Había dos muertos más, vestidos con colores ocres y verdes, los furtivos, Sebastián y Pepe «el Bizco».

Algunos hombres vomitaban y otros apartaban su mirada de aquel lugar.

– Los tenemos -dijo Guarinós.

Richard gritó algo en inglés y sus hombres apuntaron las armas. Los policías hicieron otro tanto.

– ¡Don Raúl! -gritó don Jerónimo, el comisario-. Se viene usted con nosotros.

– ¡Y una mierda! -gritó el dueño de la finca sacando una pistola.

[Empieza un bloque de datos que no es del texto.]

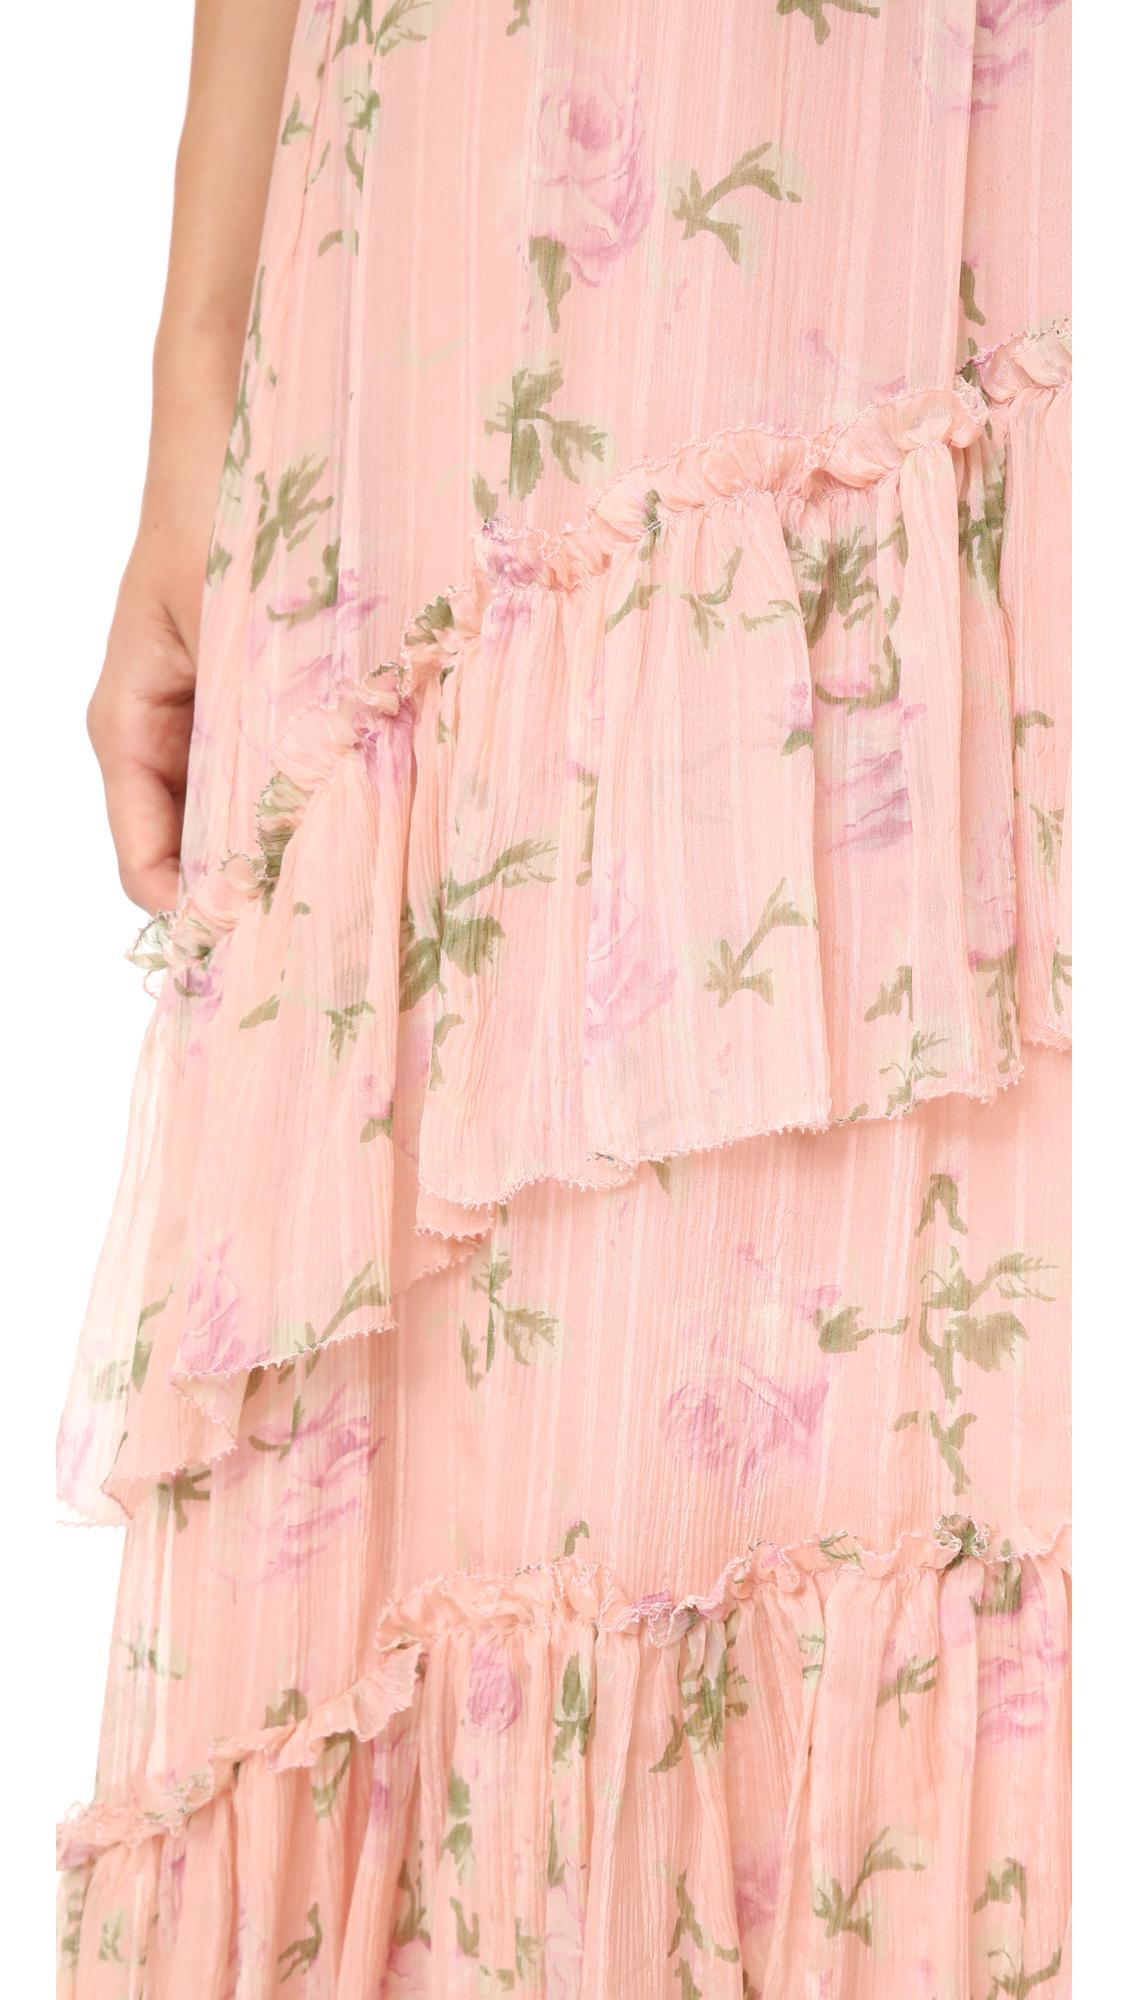 Ulla Johnson Silk Begonia Skirt in Rose (Pink) - Lyst

Entonces se escuchó una sirena, y otra, y otra más.

Por el camino de tierra aparecieron dos motoristas de la Guardia Civil. Y luego, un coche negro con la bandera de España y tres estrellas. Y otro, y otro, y más motoristas. Y un camión del ejército. Y otro, y otro. Y un cuarto. Y una tanqueta.

Todos quedaron paralizados. En un momento se vieron rodeados por los hombres que acababan de llegar, que bien podían ser más de un centenar. Eran legionarios.

Un tipo con uniforme de teniente general descendió del vehículo negro y de inmediato fue protegido por media docena de soldados que lo rodearon formando un cordón.